Mittlerweile hat sich Lindner entschuldigt und behauptet, dass das spontan
entstanden sei und missverständlich war. Aber es kursiert gerade [2][ein
Video], das zeigt, wie Lindner 2017 einen ähnlichen „Witz“ über Claudia
Roth gemacht hat. Kratzt das nicht an seiner politischen Glaubwürdigkeit?
Sprüche dieser Art gibt es zu Tausenden. Das ist nicht in Ordnung. Aber ich
glaube Christian Lindner, dass die Entschuldigung ernst gemeint ist. Ich
glaube ihm, dass ihm das in der angespannten Situation so rausgerutscht
ist.
Das Verhältnis zwischen Lindner und Teuteberg war vor dem Parteitag schon
sehr belastet. Am Samstag wurde sie offiziell [3][durch Volker Wissing
ersetzt]. Und ausgerechnet bei seinen Abschiedsworten leistet er sich so
einen Fauxpas? Er wird sich doch Gedanken gemacht haben.

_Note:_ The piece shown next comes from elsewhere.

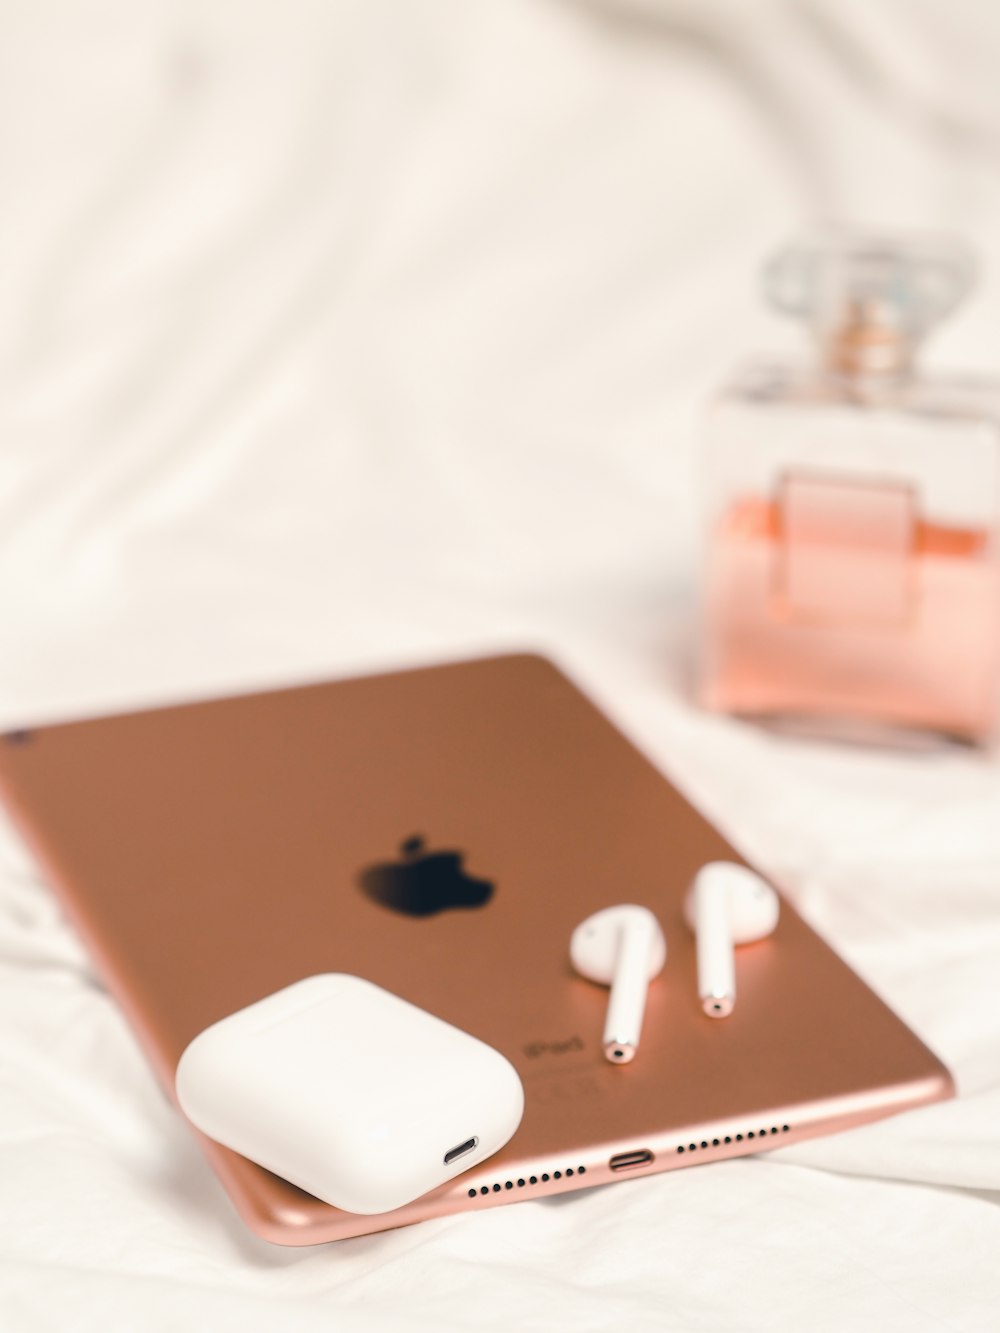 Apple earpods on silver macbook photo – Free Frankreich Image on Unsplash

Das denke ich auch: Er wird sich über seine Abschiedsworte sehr genau
Gedanken gemacht haben, weil das Verhältnis zwischen den beiden
wahrscheinlich kompliziert ist. Aber dieser Nachsatz „Nicht das, was sie
jetzt denken“, dieser Satz hat das ja erst in eine falsche Richtung
gewendet. Und der kam erkennbar spontan.
Er hat diesen „Witz“ ja schon mal mit Claudia Roth gemacht. Er hat gesagt:
„Ich bin heute Morgen wach geworden mit Claudia Roth.“ Dann hat er genauso
wie beim Parteitag eine Pause eingeplant, auf das Lachen gewartet und dann
gesagt: „Entschuldigung Sie, ich habe gesagt ‚mit‘, nicht ‚neben‘.“…
kann das nicht als Spontanität verkaufen.
Vielleicht ist ihm das gerade deswegen, weil er den Witz schon mal so
gemacht hat, einfach rausgerutscht. Er war in einer unangenehmen Situation,
vielleicht war das einfach ein Zeichen der Unsicherheit. Ich glaube ihm,
dass er das ernsthaft bedauert.
Sind Vorkommnisse wie Lindners „Witz“ nicht ein Grund, warum die FDP bei
Frauen so schlecht ankommt?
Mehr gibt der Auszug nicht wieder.